Vulnerability in Friendships
May 1, 2025 | Amanda Timm
There’s something both terrifying and freeing about being truly known.
And I need to be fully honest before we go any further - I am not good at being vulnerable (or as a sweet friend reminded me, I’m not bad at it, I just really have to work at it).
I’ve known I needed to write about friendship for a few weeks. The Lord immediately put the idea of vulnerability on my heart, as the idea of being fully known is something I’ve been working on. Even though I felt the Lord’s prompting, I didn’t want to write about this because it feels hypocritical. But, as I was writing and praying through this, I’ve been challenged and encouraged. Praying the same for you.
Most of us are pretty good at sharing the highlight reel—celebrating milestones, posting the joyful moments on social media, or talking about the good things God is doing. When is the last time you heard someone answer something besides “good” when you ask how they are (and if you heard something else - did it take you by surprise?)?
It might even be easy to share some of the struggles - stubborn children, work conflicts, or home repair woes. But when it comes to the messy bits—the fear, the doubt, the insecurity, the places where we’re still healing or still struggling—we tend to hide. We armor up. We give surface-level answers. We tell ourselves, there’s no way I’m letting anyone else see that.
But here’s what I’m learning: real growth happens when we share our whole selves. And our whole selves are wanted and enough.
The fear of judgment is real. The feel of being abandoned is real. The scars from past relationships are real. And they’re all valid.
As much as it hurts to dig into that pain and pry back those scars, there’s clarity and so much more waiting on the other side.
The Bible doesn’t just encourage us to be in community—it shows us what kind of community fosters real transformation. James 5:16 says,
“Therefore confess your sins to each other and pray for each other so that you may be healed.”
There’s healing in honesty. Not just between us and God, but between us and the people walking beside us.
It’s hard, though. Vulnerability can feel risky (and IS risky). What if they judge me? What if I become a burden? What if they use this against me? What if they walk away?
But what if they don’t?
What if, instead, they lean in closer?
What if your honesty gives them the courage to be honest, too?
What if your shared struggle becomes sacred ground where God does His best work?
Galatians 6:2 challenges us:
“Carry each other’s burdens, and in this way you will fulfill the law of Christ.”
We can’t carry each other’s burdens if we don’t know what they are. And no one can carry yours if you never speak them aloud.

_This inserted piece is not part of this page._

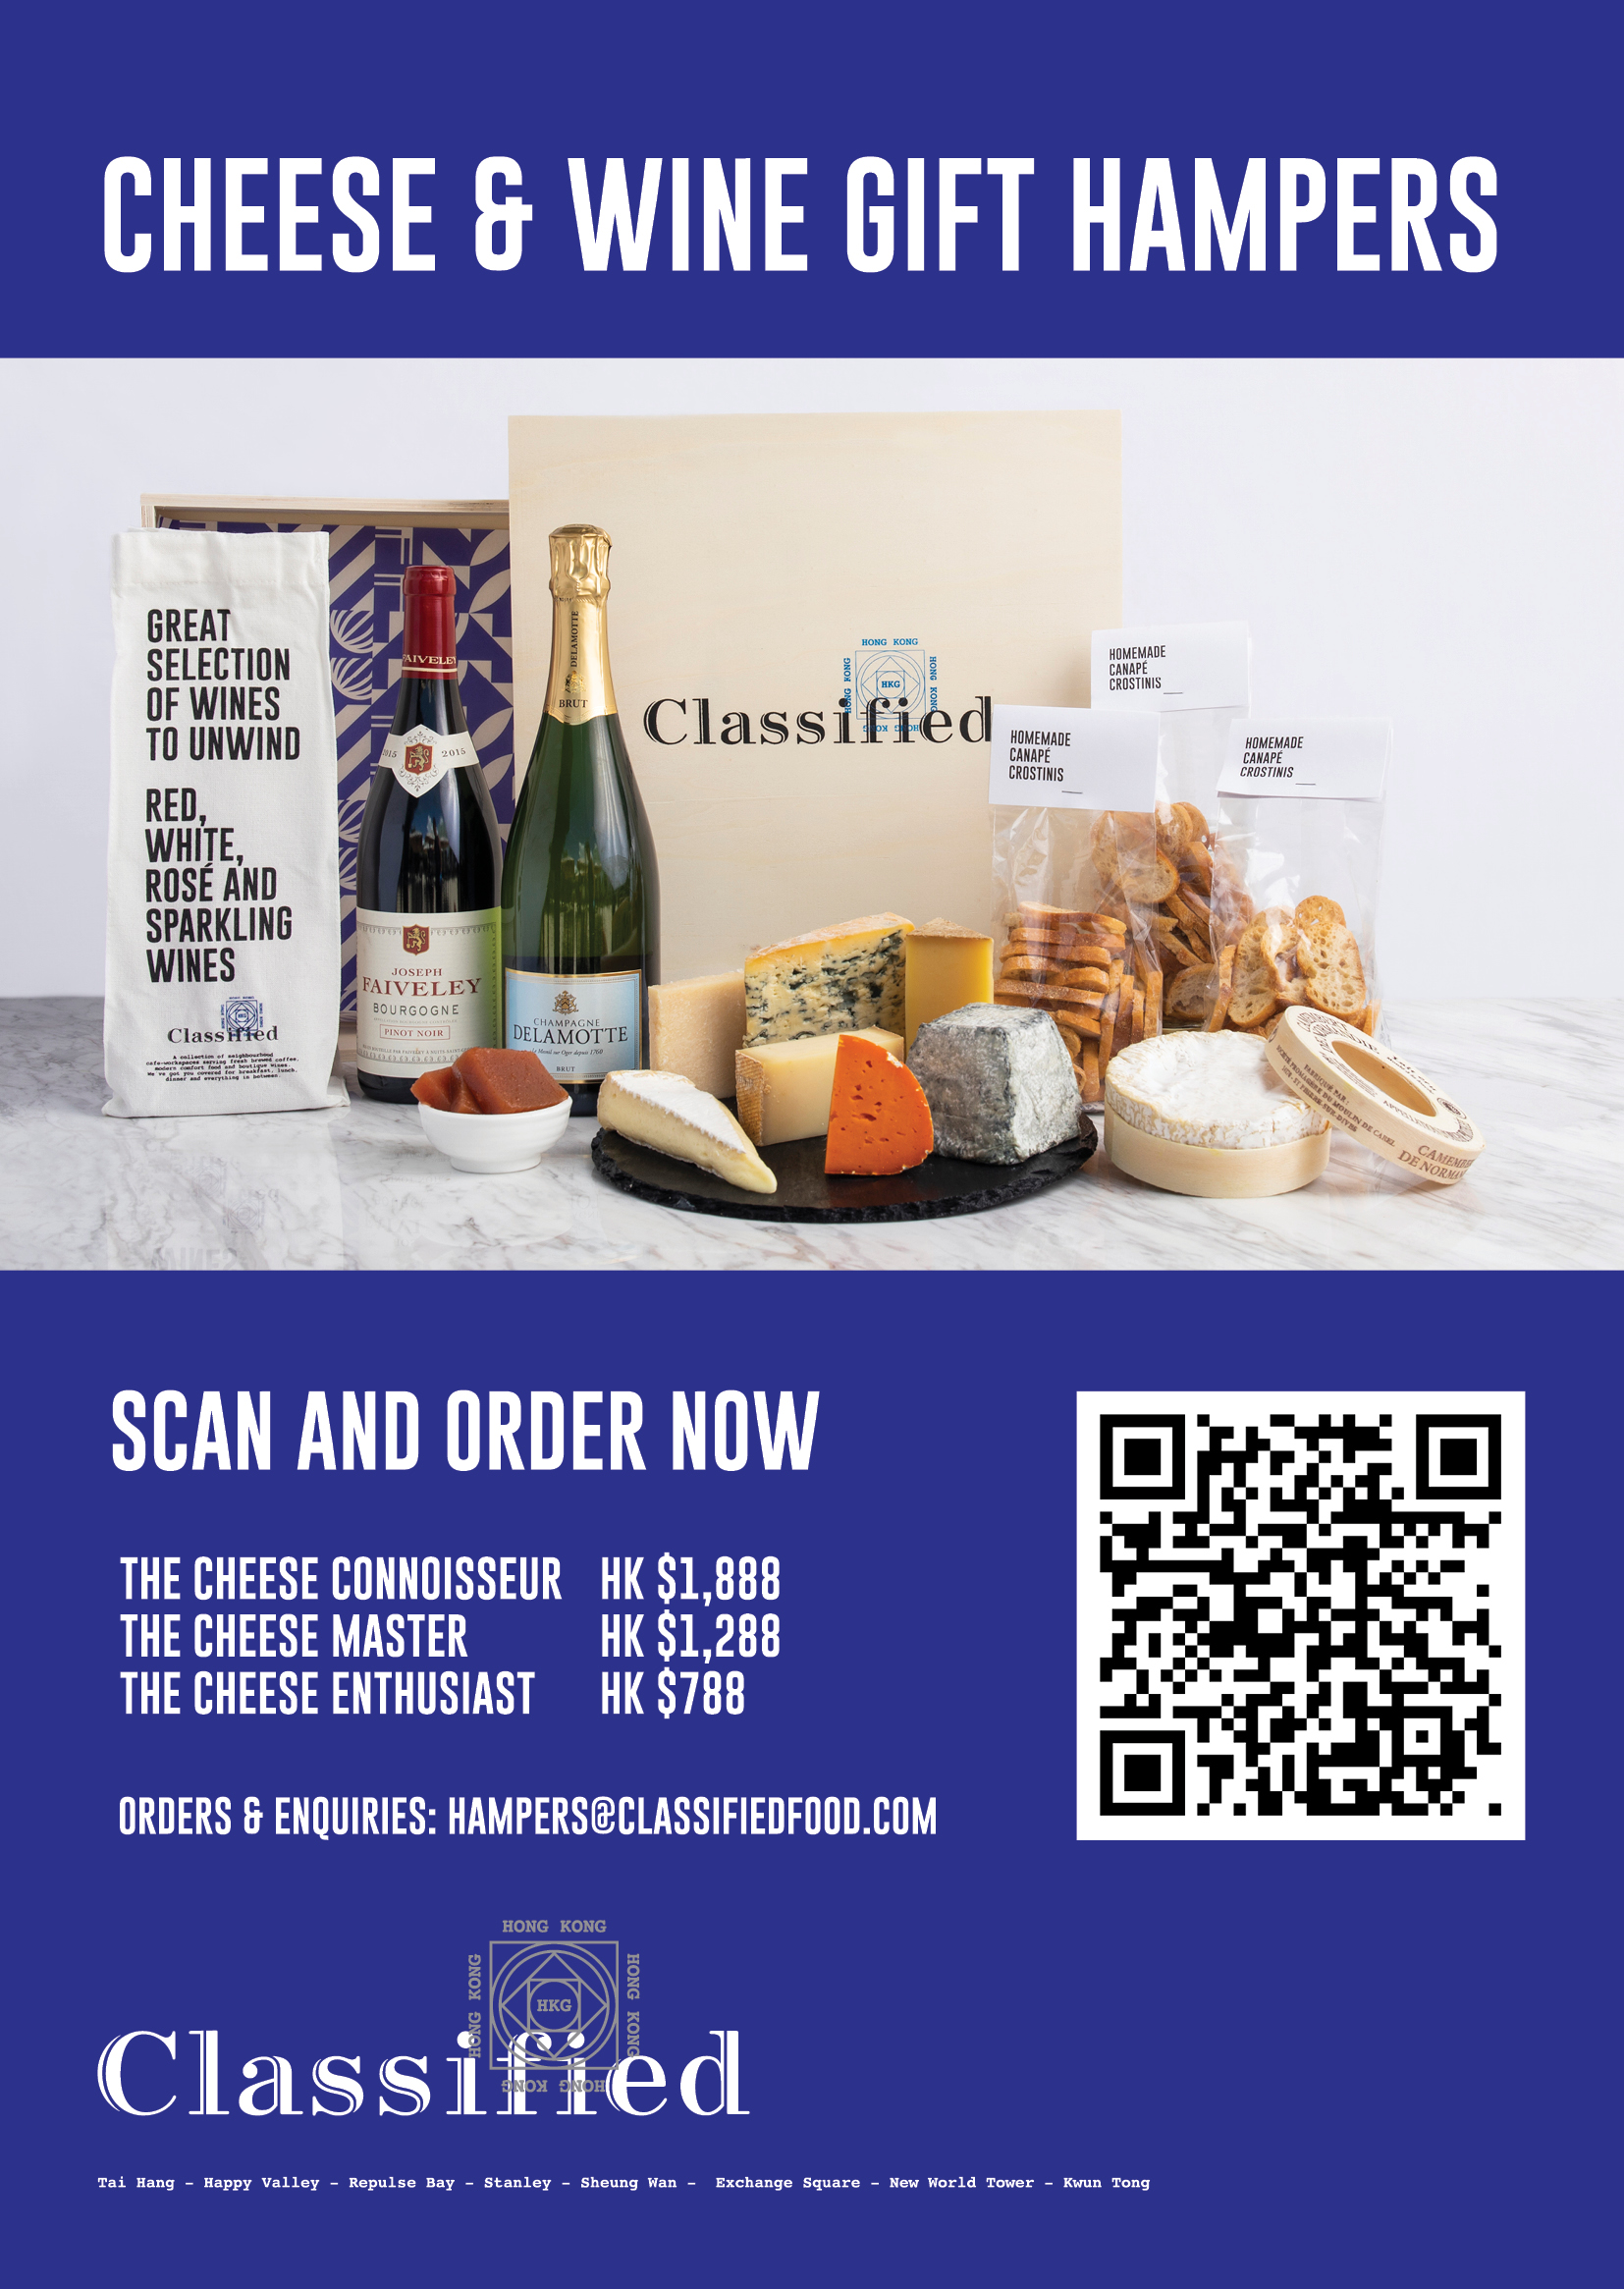 Classified Cheese & Wine Hampers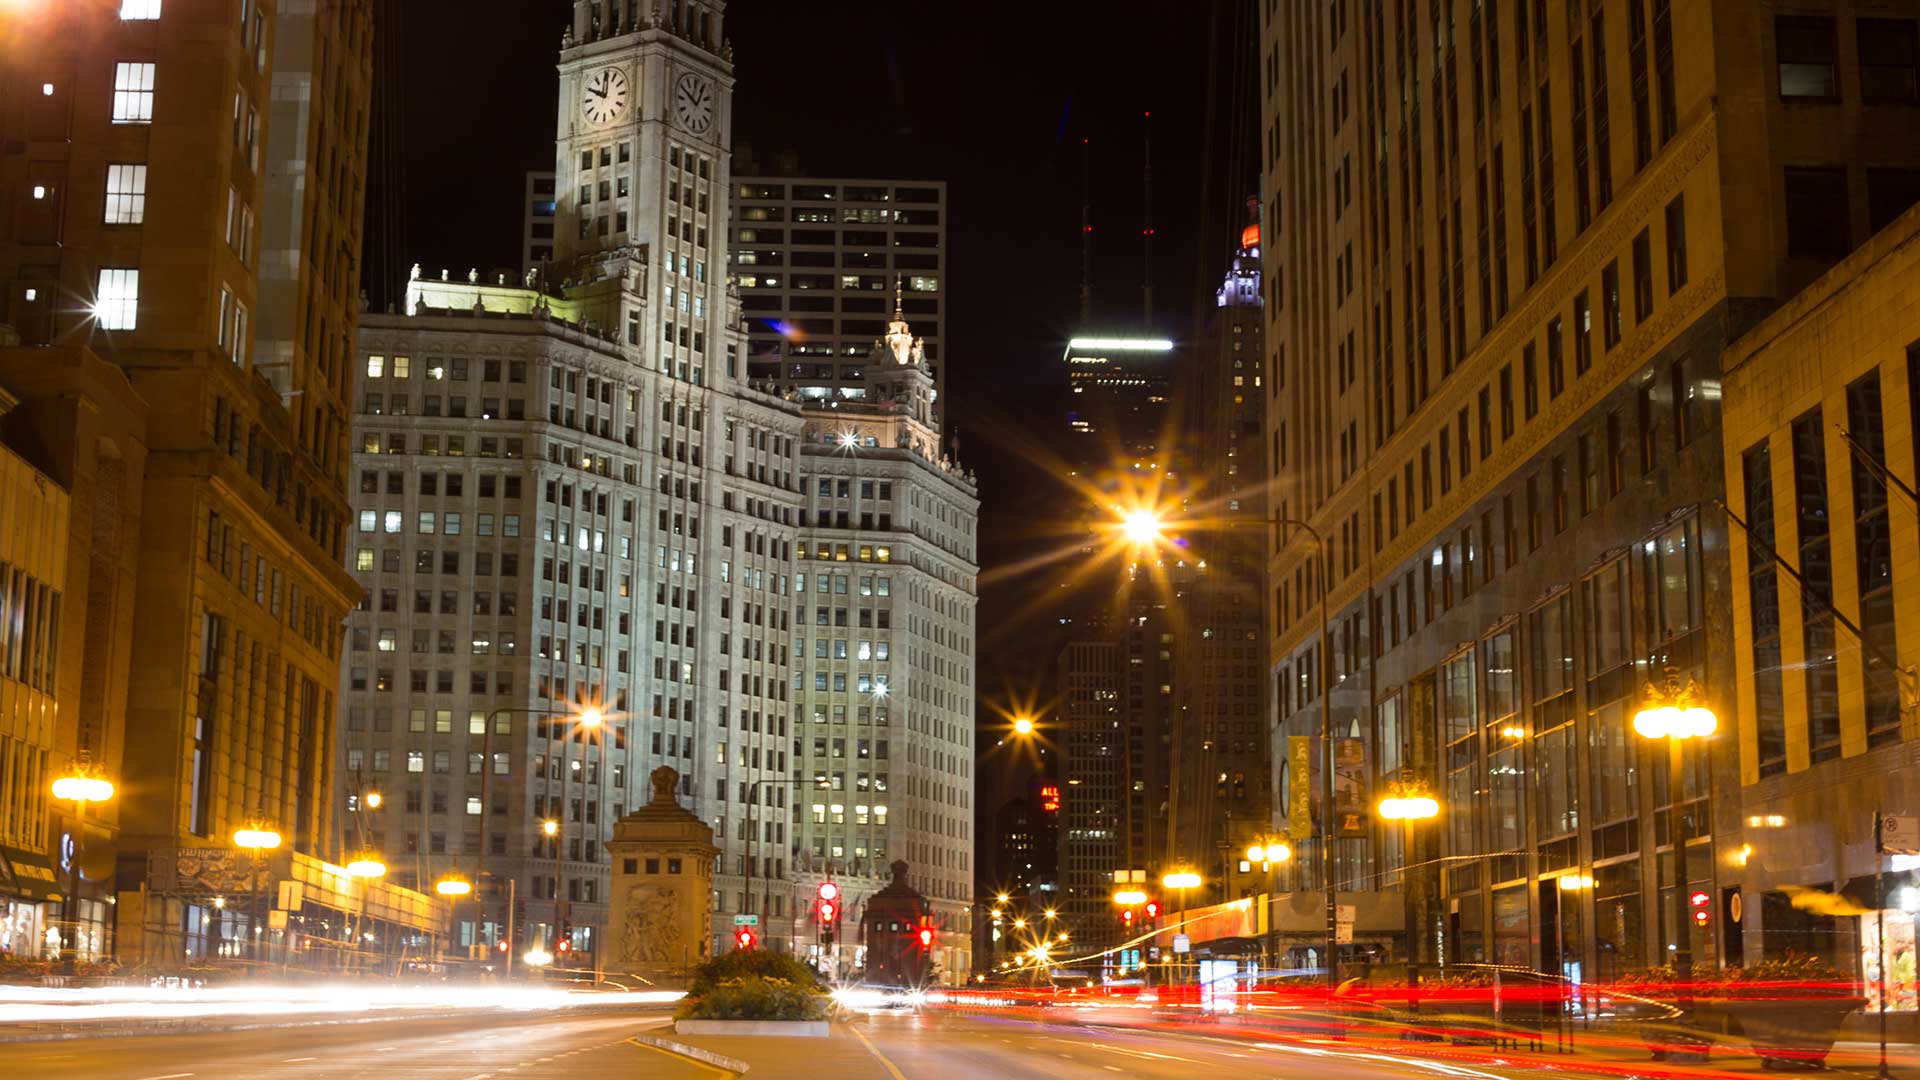 Looking down Michigan Avenue in Chicago at night. A time lapse shows cars coming and going in streaks of red and white light.

Oof. I need a minute with that.
I struggle to let people see the full picture of who I am: the doubts, the failures, the parts still under construction. But the few friendships where I have let someone see the whole me? Those are the most freeing and life-giving relationships I have. I can share my whole self without worry that they’ll leave or hold it against me. And they’re the ones who give gracious reminders even when they see and know our true whole (messy, faulty) selves.
2 Corinthians 12:9 reminds us of a powerful truth:
“But he said to me, ‘My grace is sufficient for you, for my power is made perfect in weakness.’ Therefore I will boast all the more gladly about my weaknesses, so that Christ’s power may rest on me.”
When we share our weakness, we create space for Christ’s power to shine through.
Vulnerability isn’t a liability—it’s a gateway to deeper connection, deeper healing, and deeper growth.
And in the search for deeper, once you pull off that scab, you’ll find something sacred:
freedom, growth, and the grace to become a fuller version of you God created you to be.
Writing that was hard. But it felt kind of freeing, too. Praying you can find freedom in vulnerability in your friendships, too.